JAVA State Machine-based AI

Any news on the AI framework? I am very keen to get into this and not sure what has been done so far. Any suggestions where to start from :?



tomcat

My valient AI gurus are busy building AI for Army Simulations… I keep bugging them, and they keep assuring me that they will contribute when time allows. So, I have no idea when they are going to be able to get to it.



If enough time passes, I might get at least the basic FSM framework done. I can at least do that.

ok, if there was some basic stuff, I can get on with testing (and probably adding to it or providing feedback) so we have a token engine going.



tomcat

I don’t know how interested you are in FSM frameworks, but if you have access to Game Programming Gems 1, there is an article on how to create a robust framework. That’s what I was going to work off of.

OK, this is a good starting point. I look at it and see if I can implement it.

tomcat

I think I found the articles you were refering to. Reading it came across a coupel of points that you may be able to help.



First thing is that we need some kind of message passing mechanism between objects. Say if we have a FSM attached to an entity then we need the entities to be able to send each other messages to set the future states. I am not sue if we have such a thing in the entities. What do you think?



Secondly the entities need to be event driven. Again not sure if we have such a mechanism built in. Any ideas?



I hope we have something similiar to the above. Any comments?



tomcat

Well, the answer to both your questions is the same. Right now, there is no entity. The only concept implemented in the new jME is Spatials which is purely for rendering. I have yet to figure out the best way to tie everything together (Rendering, sound, AI, physics, etc). So, if there is a need for communication there is nothing stopping it from going in.



Similar to the sound thing, I’m unsure how to tie all these components together (right now, sound and graphics). Time to do a little research I guess.



Anyways, answer: No, neither communications nor event based triggers are implemented, but there is nothing keeping them from being implemented.

Ok, I see that there might be a little problem as the entity does not exit anymore. We really need some object off which we can hang various attributes such as graphics, sound etc. Entity was (and I think still would be if its not too much trouble to bring it back) a suitable place holder for various attributes.



It would help to identify each object in the world by givingthem an id and allows us to communicate with it if required.



I can look around to see how we can add a simple message passing functionality to the system (which would also be very useful for FSM) and pass on the info it that helps.



tomcat

I think still would be if its not too much trouble to bring it back


Entity or something like it will probably merge from old to new. See my response to the sound thread.

Nothing has really been done with AI at this point. To tell you the truth, other than this thread, no one has shown a real interest in it yet. So, it’s still very much an open topic.

Heh… I’m interested in AI. My jME-based project is a programming game (a la CRobots, Robot Battle, etc.), and one of the things I’ve been working on is a framework for running scripts in a virtual machine-like state machine, so that I can run multiple programs (written in a natural way), but from a single Java thread.

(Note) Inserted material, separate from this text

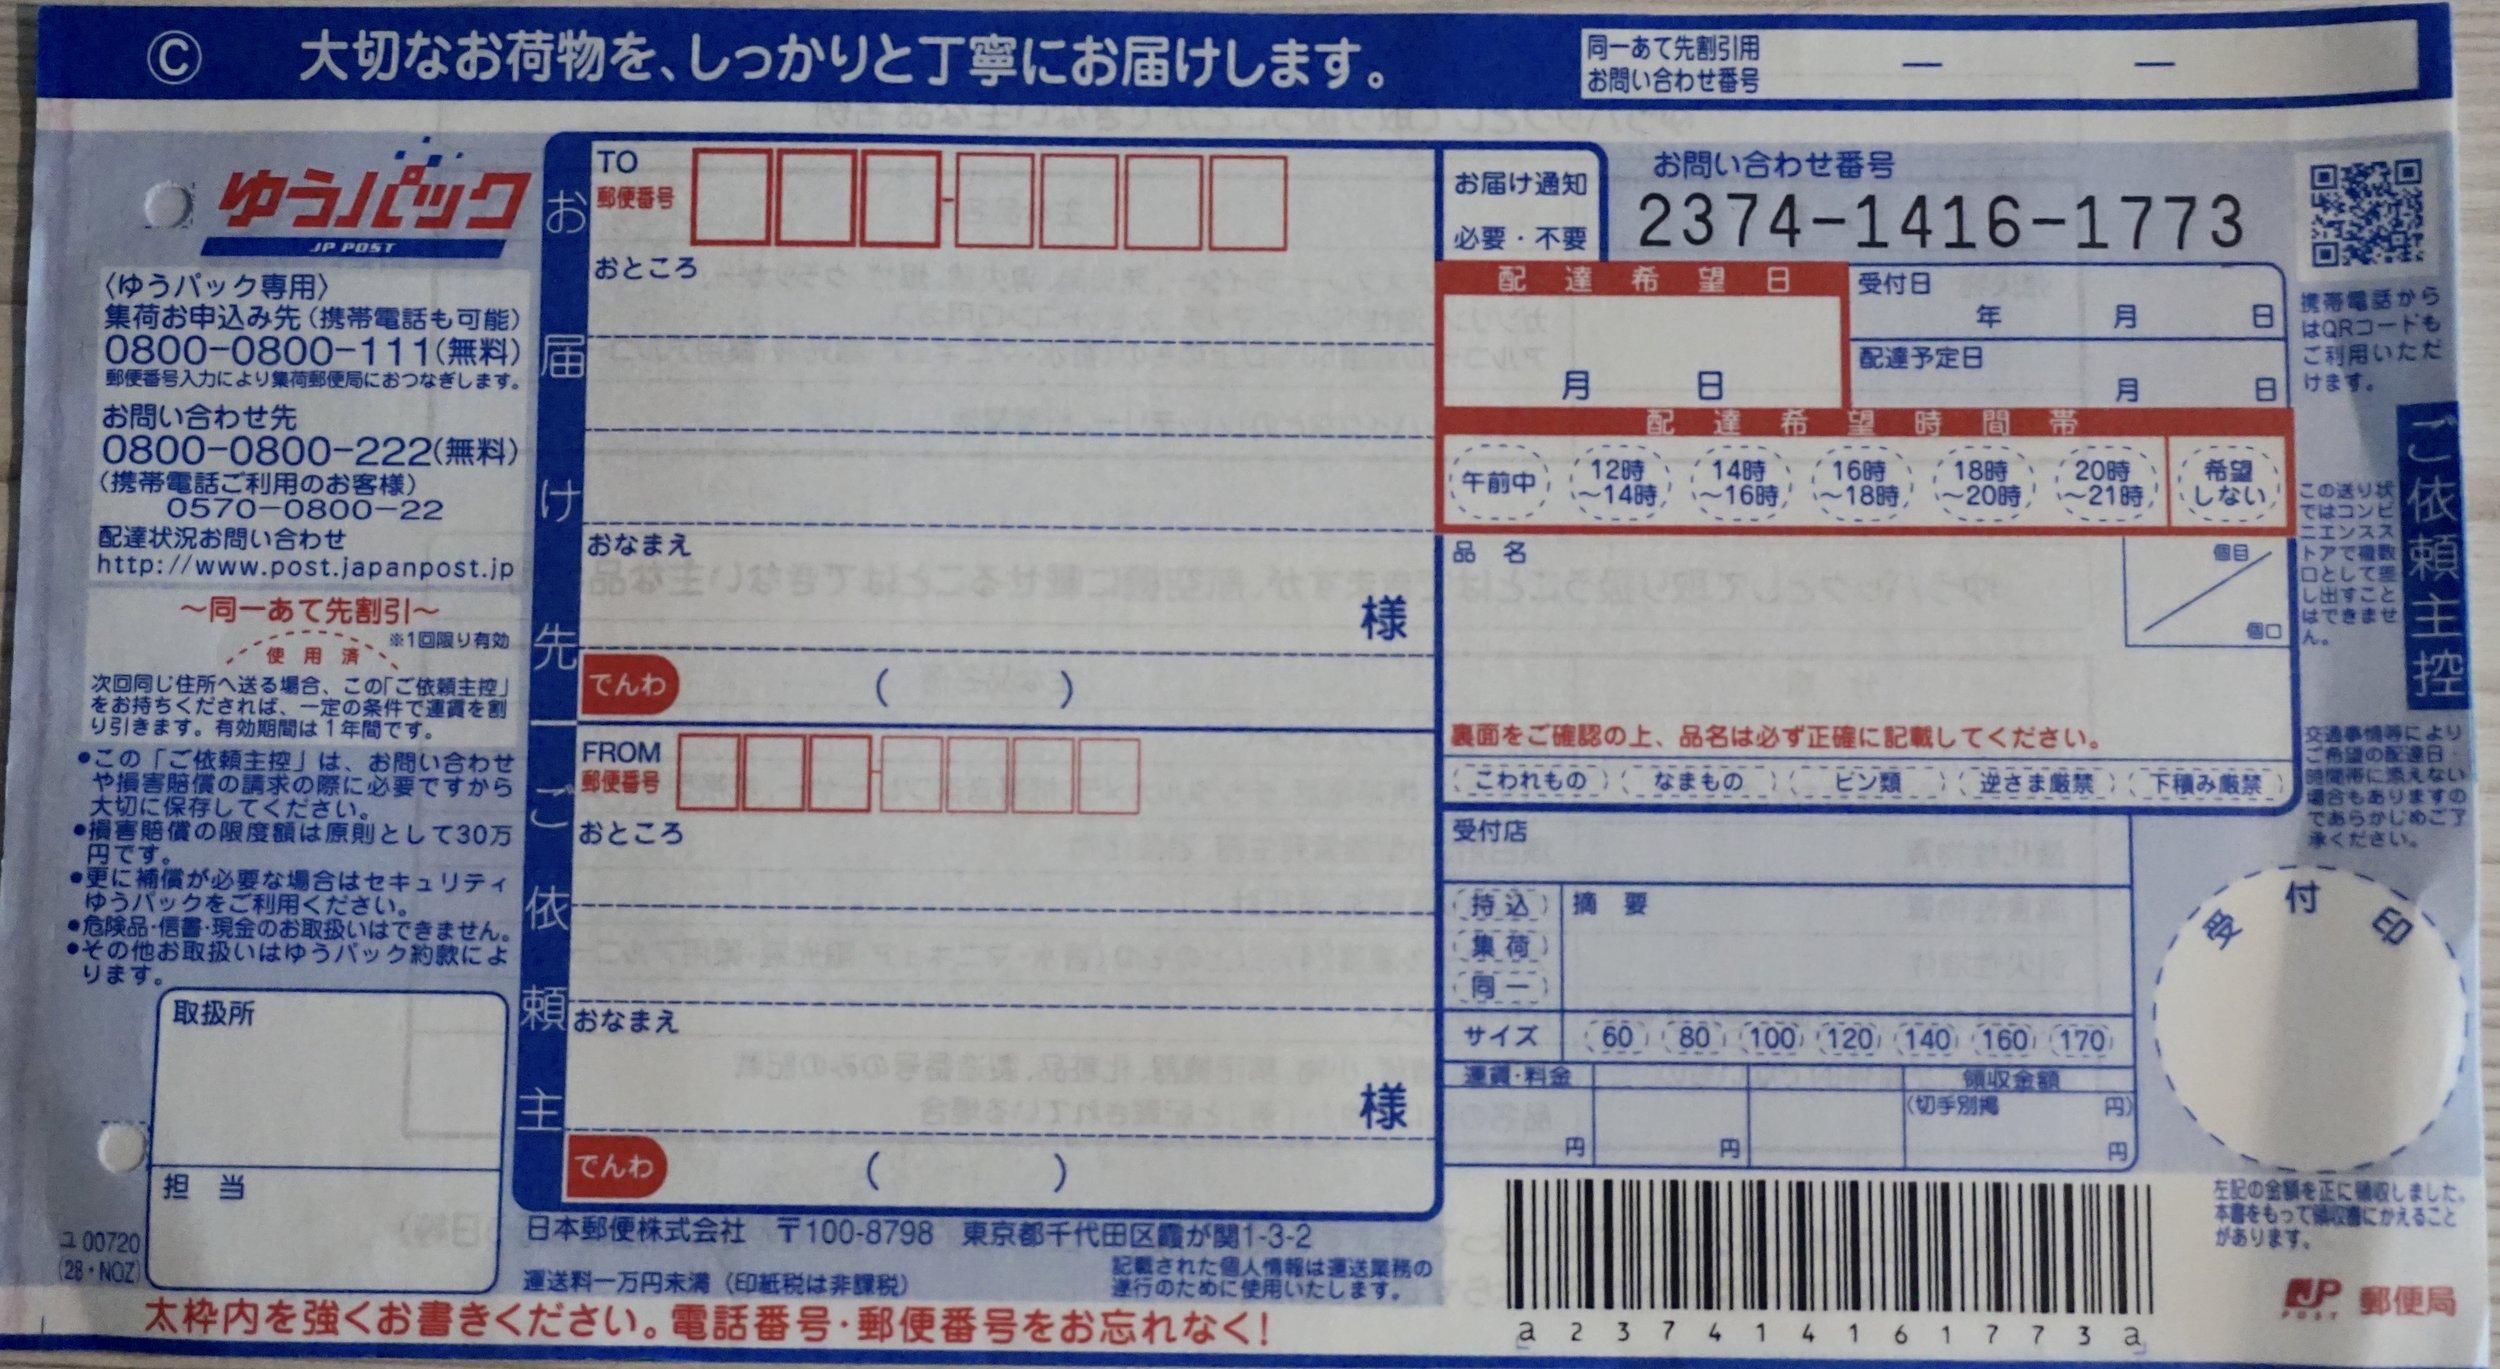 blank_yupacku_form

Something like this could be used to do the AI for in-game critters, although it might be a bit heavy if the critters aren’t that smart (e.g. if they’re just executing simple behaviors). One good thing, however, is that you can control execution speed of each script very well (that’s the whole point, in fact).



Right now there are two main limitations - it’s slow, and the scripting language is under-featured. Performance will be easy enough to address - right now the VM is a fairly naive, first-cut implementation, so I’ve on doubt there are some gains to be made somewhere. It’s faster than I thought it would be, but comparable Java programs execute at 4000x the speed.



My eventual plan is to compile suitable methods (“known-execution-time methods” - e.g. anything without a loop) down to JVM byte codes, which would speed things up enormously. Only “variable-execution-time methods” would remain interpreted.



I’m a little less certain about what to do with the scripting language. Right now it’s an object-oriented, weakly styped language, weakly typed, garbage collected (courtesy the the underlying JVM), that allows script-to-Java calls, but missing lots of things such as control over memory allocation, Java-to-script calls, scripty features like first-class lists and maps, and indeed many common operators.



I could continue adding features to it, which would make it usable without too much work, but my dream is to support something more popular, such as Groovy - or even just Java. One way to do both (and more) would be to rewrite the interpreter to handle a subset of Java bytecodes (e.g. not threading primitives), and then to post-process Java class files using a special class loader. That’s a lot more work, but it would make the system extremely versatile.